PROBLEM TO SOLVE:
What is needed is a word-for-word copy of all the entries, minus the pictures.

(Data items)

━━━━━━━━

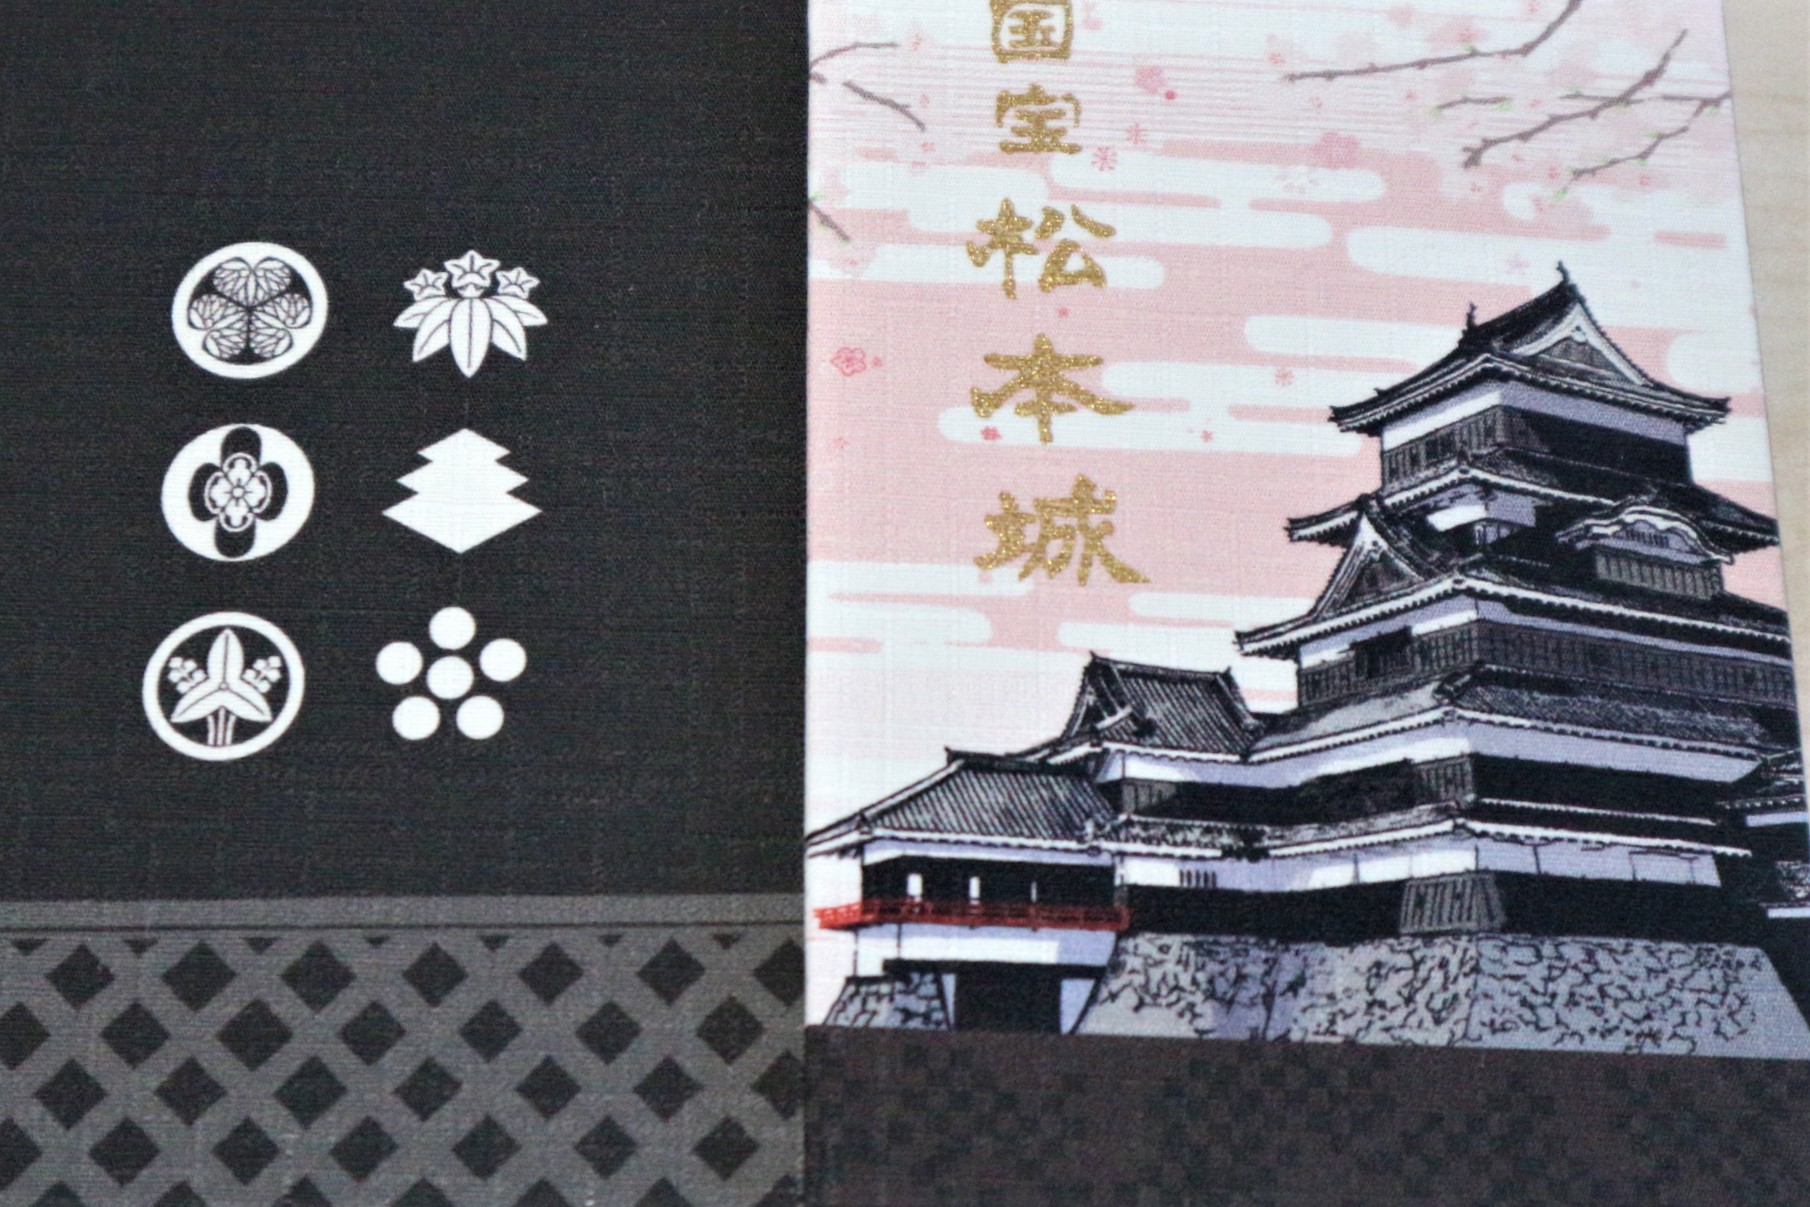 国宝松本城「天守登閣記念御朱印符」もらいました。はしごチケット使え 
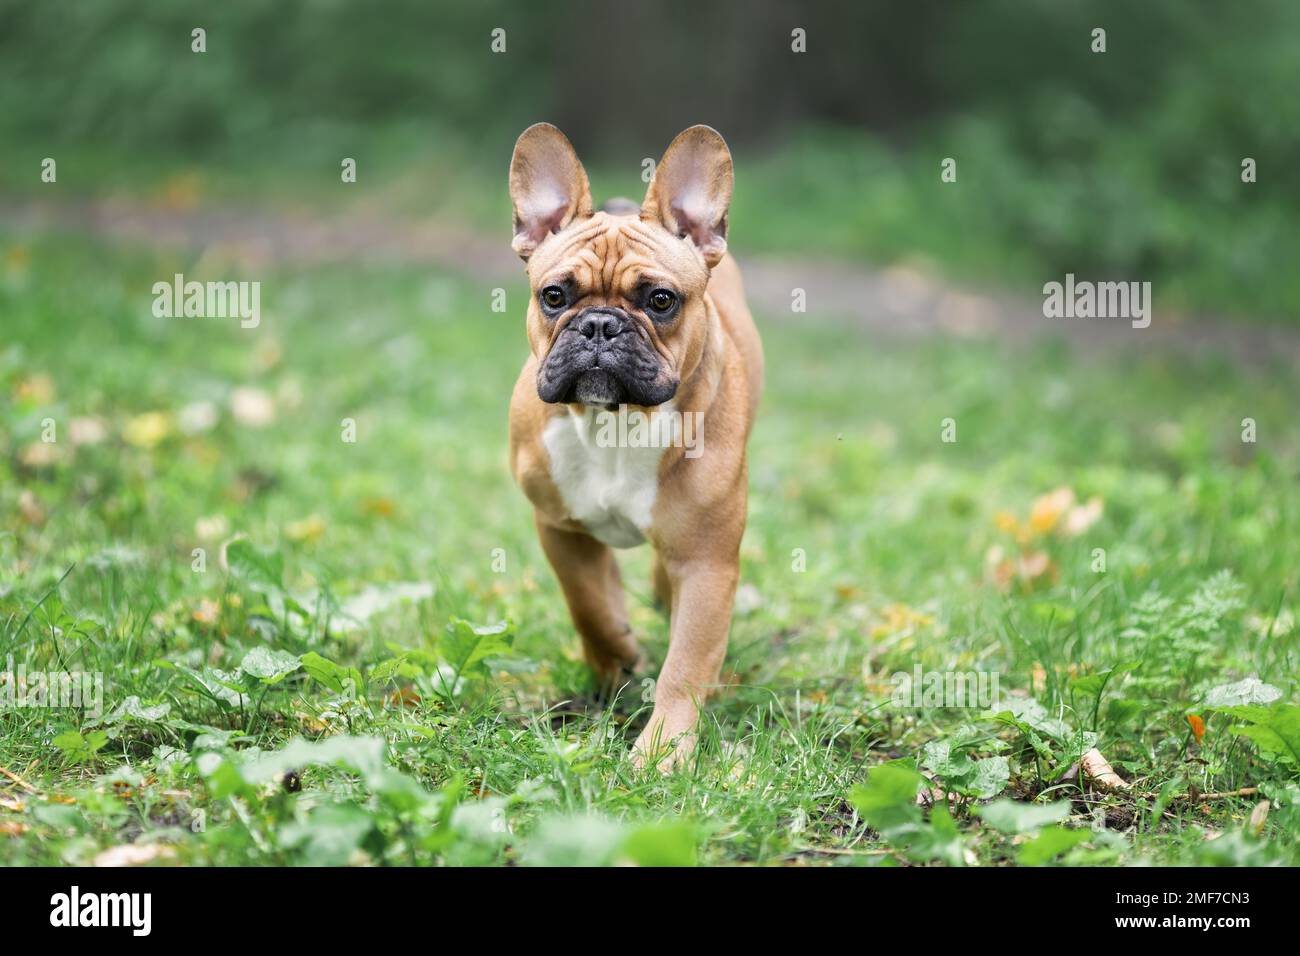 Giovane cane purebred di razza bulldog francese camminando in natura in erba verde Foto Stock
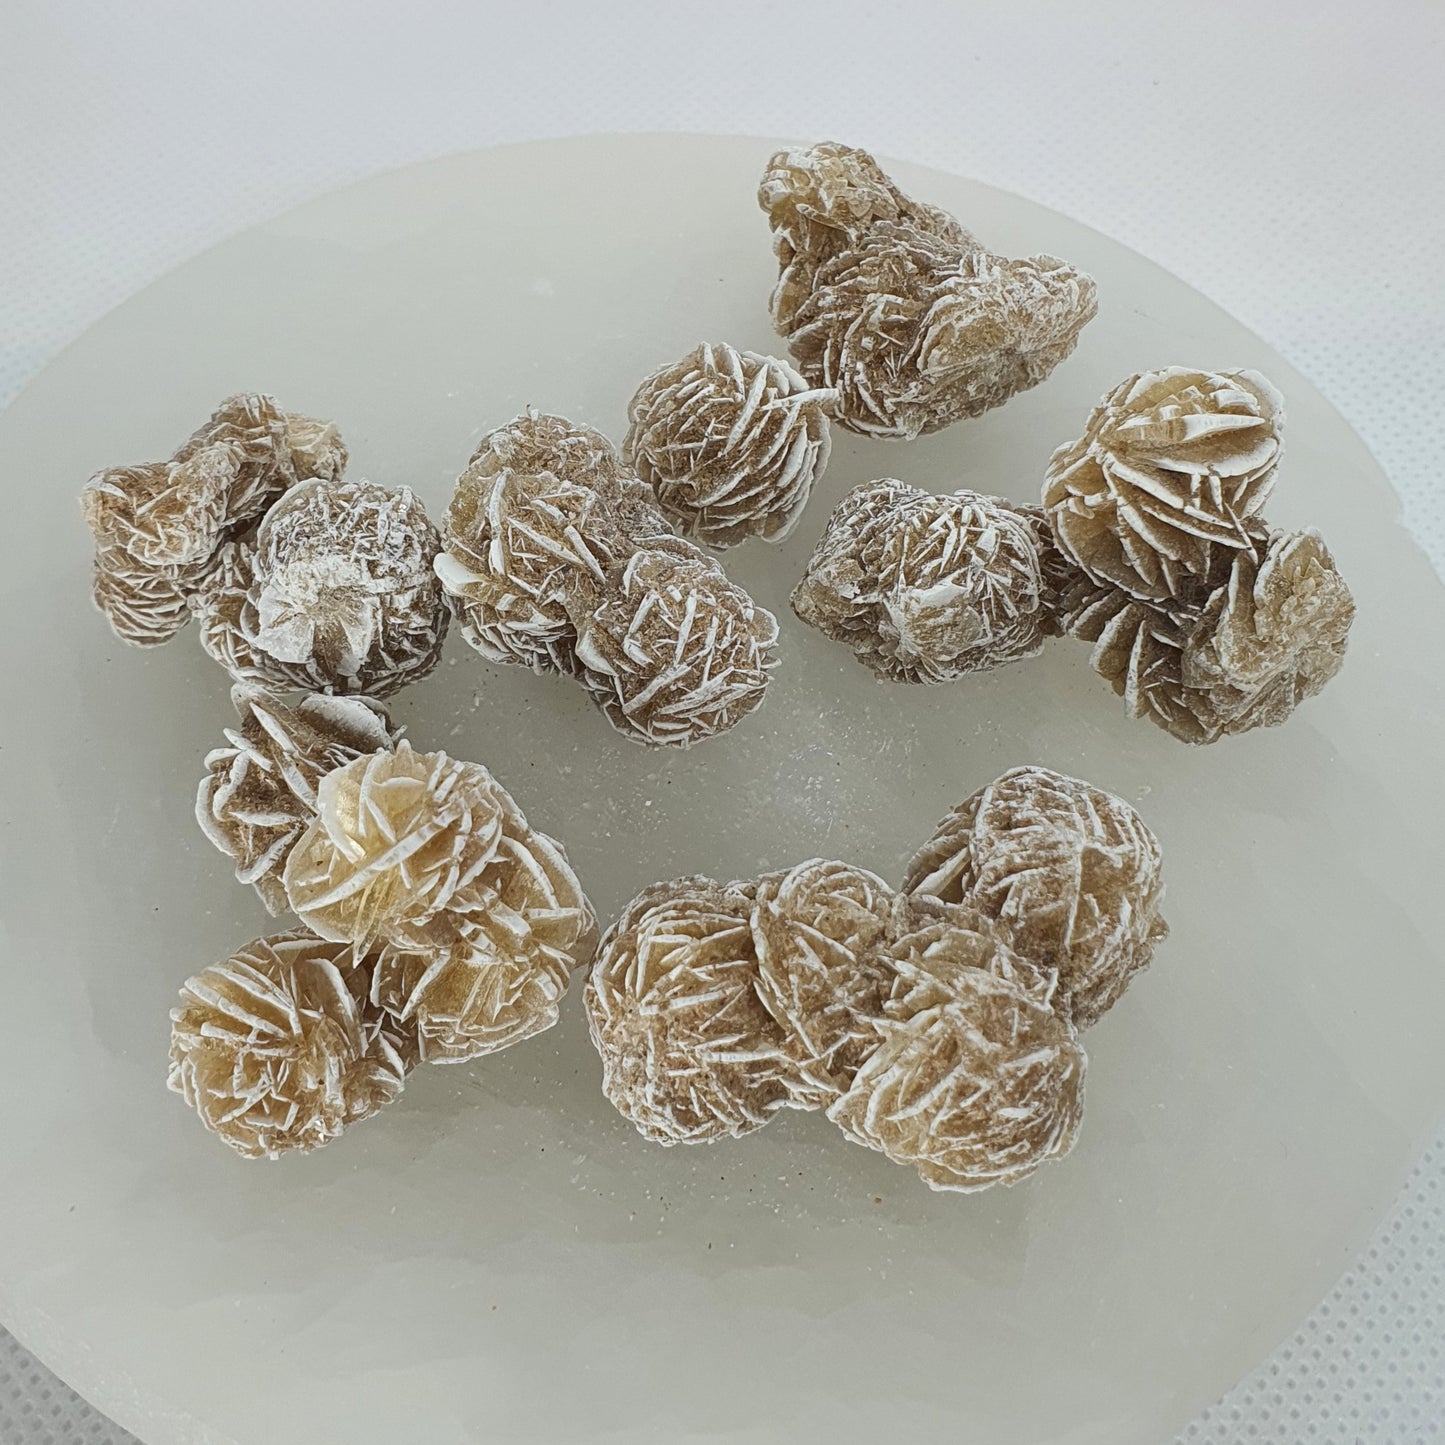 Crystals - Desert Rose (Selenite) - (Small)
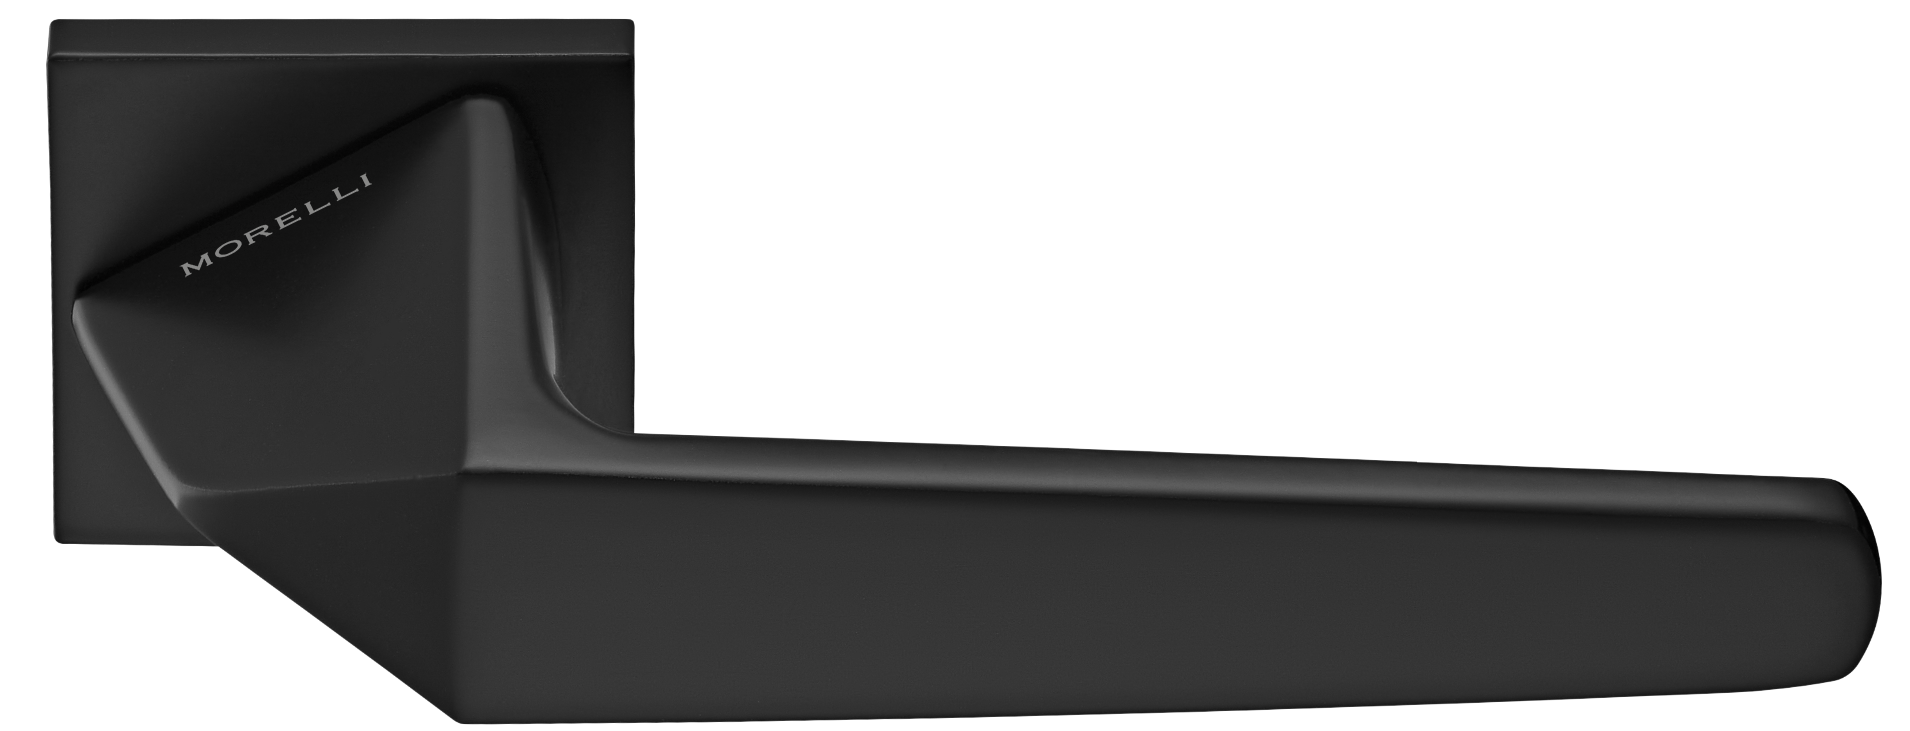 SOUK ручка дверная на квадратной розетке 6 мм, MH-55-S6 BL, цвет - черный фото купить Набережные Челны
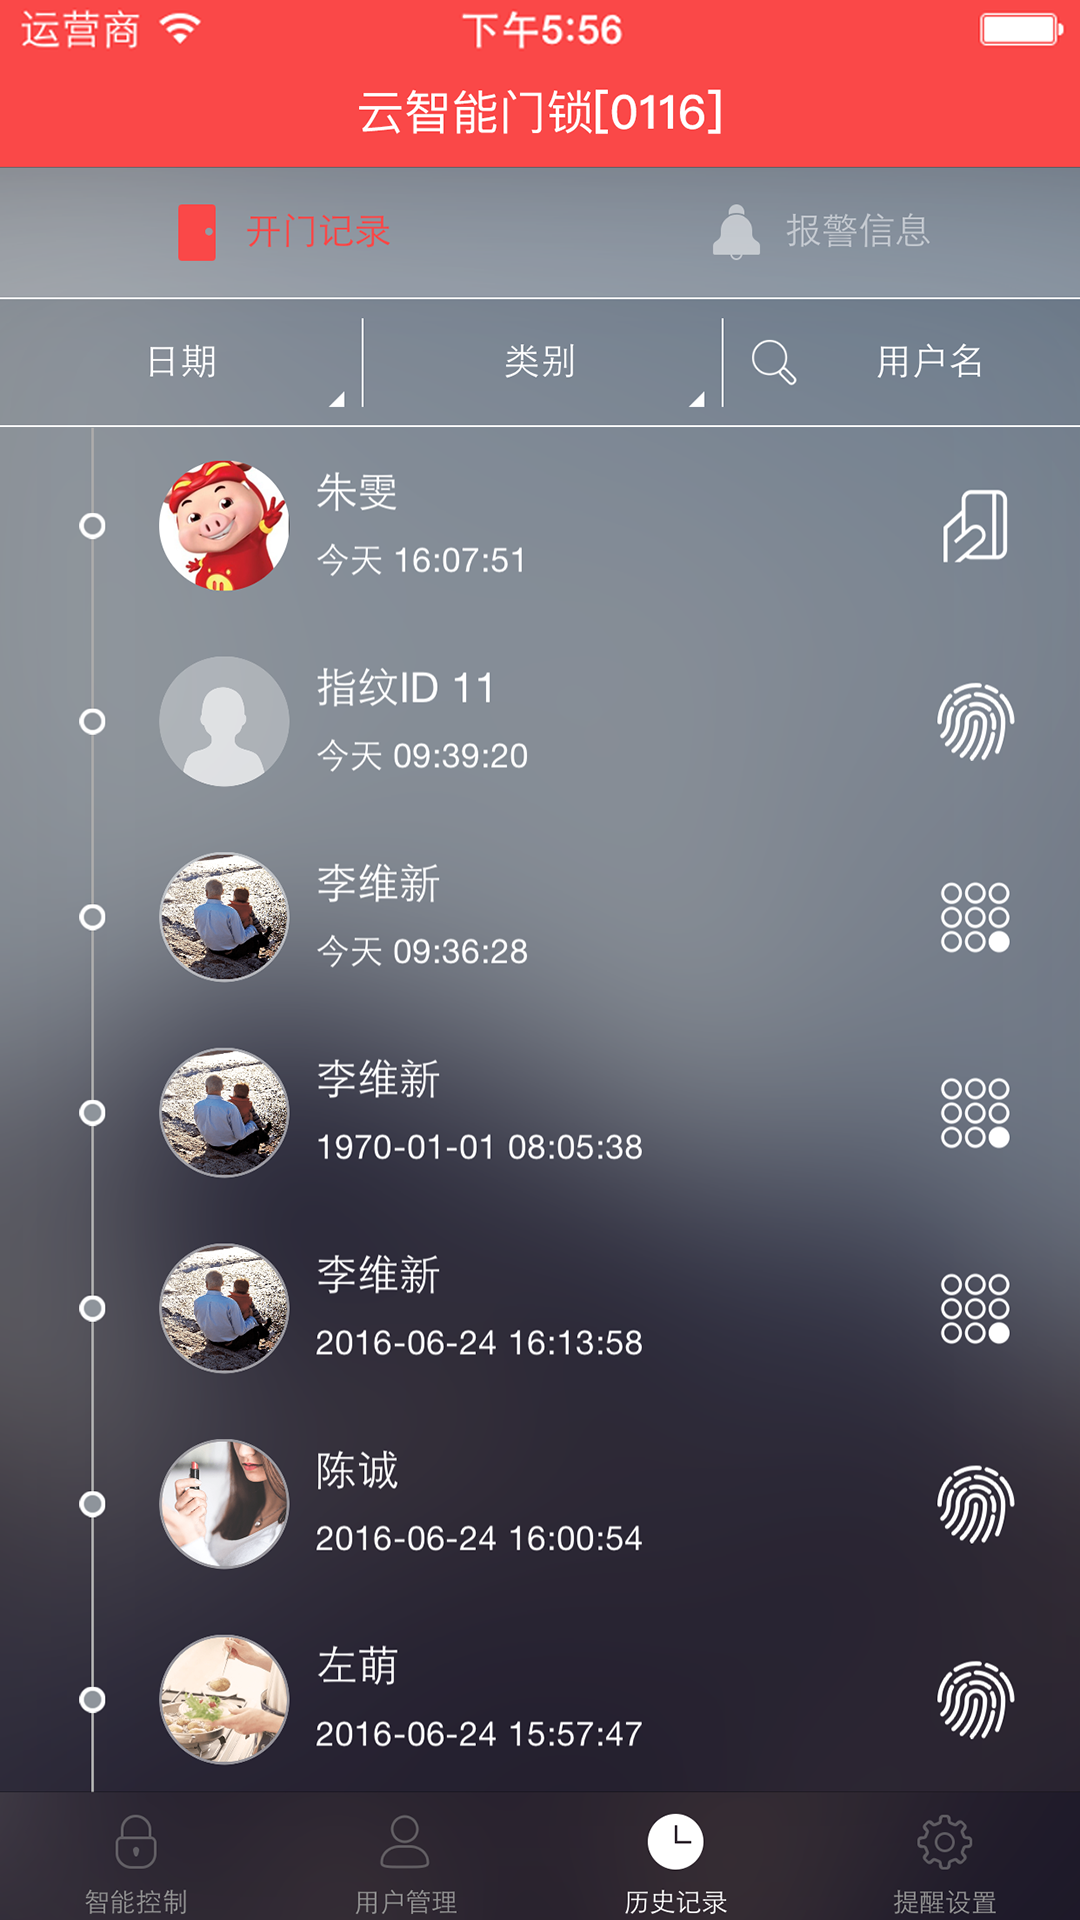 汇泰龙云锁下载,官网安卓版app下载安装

━━━━━━━━

TASK ANSWER:
 国宝松本城「天守登閣記念御朱印符」もらいました。はしごチケット使え 
 Giovane cane purebred di razza bulldog francese camminando in natura in erba verde Foto Stock
 Crystals - Desert Rose (Selenite) - (Small)
 SOUK ручка дверная на квадратной розетке 6 мм, MH-55-S6 BL, цвет - черный фото купить Набережные Челны
 汇泰龙云锁下载,官网安卓版app下载安装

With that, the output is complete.